TRANSCRIPT
I would like to explore the idea of feeling other people’s feelings. I learned some time along the way in my adult life that I had a real capacity to feel other people’s feelings. Sometimes I had a capacity most strongly to feel the feelings that other people were denying in their own selves. So basically, I was feeling the feelings that they were not allowing themselves to feel.
I also came to realize over time, especially when I was a therapist, where I really thought about this a lot. And certainly, in the well, now it’s 11 years since I stopped being a therapist, that there are quite a lot of people in life who actually like having other people feeling their feelings for them. That certainly happened to me a lot in my childhood. That was a large part of my relationship with my parents, that my parents projected their feelings unto me, and I was the recipient of their projections. In a way, that was my role in a lot of ways in the family. I felt their sadness, I felt their sorrow, I felt their guilt. That’s a big one. I’ve seen in my life a lot of times people can do really bad things, sometimes even bad things to me, and my reaction is to feel guilty. I felt guilty a lot in my childhood in relation to my parents. When I later studied it, I realized, wait a second, they were violating me. They were guilty, and yet I was feeling it. It’s a very curious thing.

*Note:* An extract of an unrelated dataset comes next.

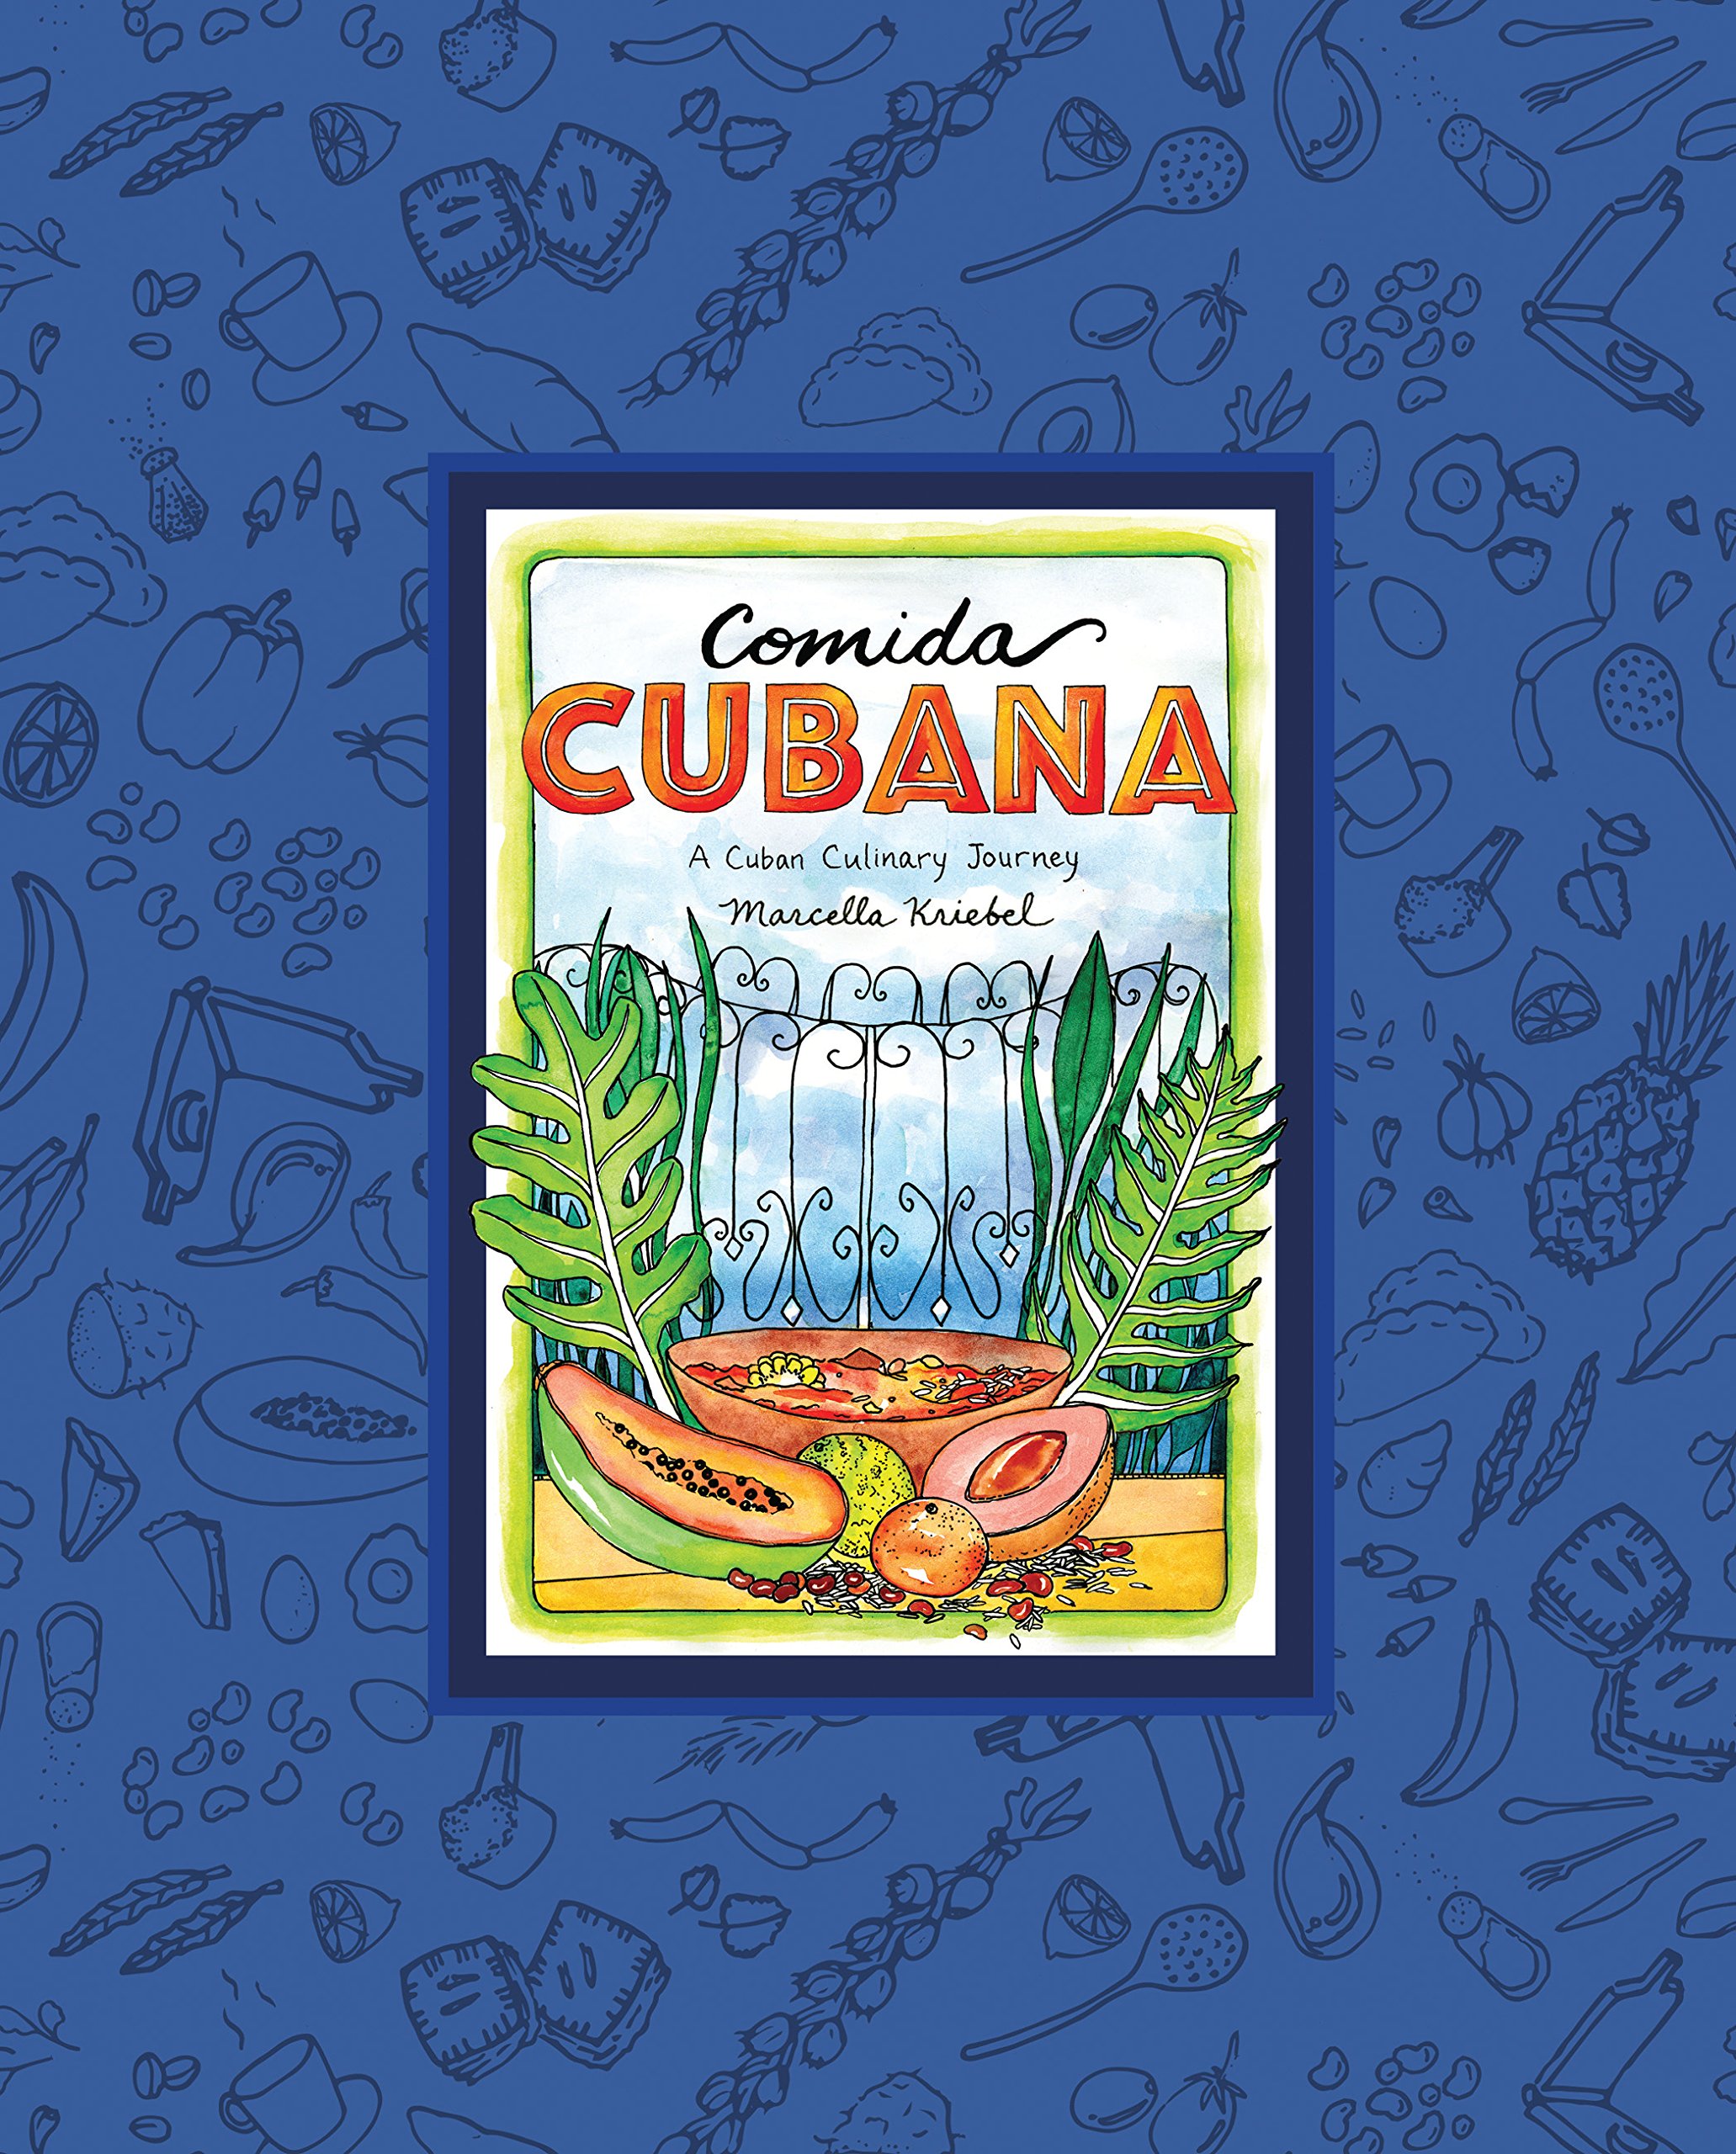 Comida Cubana - A Cuban Culinary Journey

Later, many years later, I learned that there was even a word for this. It was called projective identification. There is one person who does the projecting. They have their all unconscious split off buried feelings, and they project them onto someone else. The other person becomes a screen, like they become the movie projector, and the other person becomes the screen, the blank screen. And that other person feels the feelings, or maybe doesn’t feel the feelings. Well, I know some people who reject other people’s projections. More and more, I do that. I would say I reject people’s projections. I don’t want to feel that. But sometimes it’s like this is all unconscious, and I’m not good enough or strong enough to reject their projections for all sorts of different reasons. And when I accept their projections and I become the screen and I feel their feelings, I participate in that, and I become the person who experiences the different defense mechanism of projective identification.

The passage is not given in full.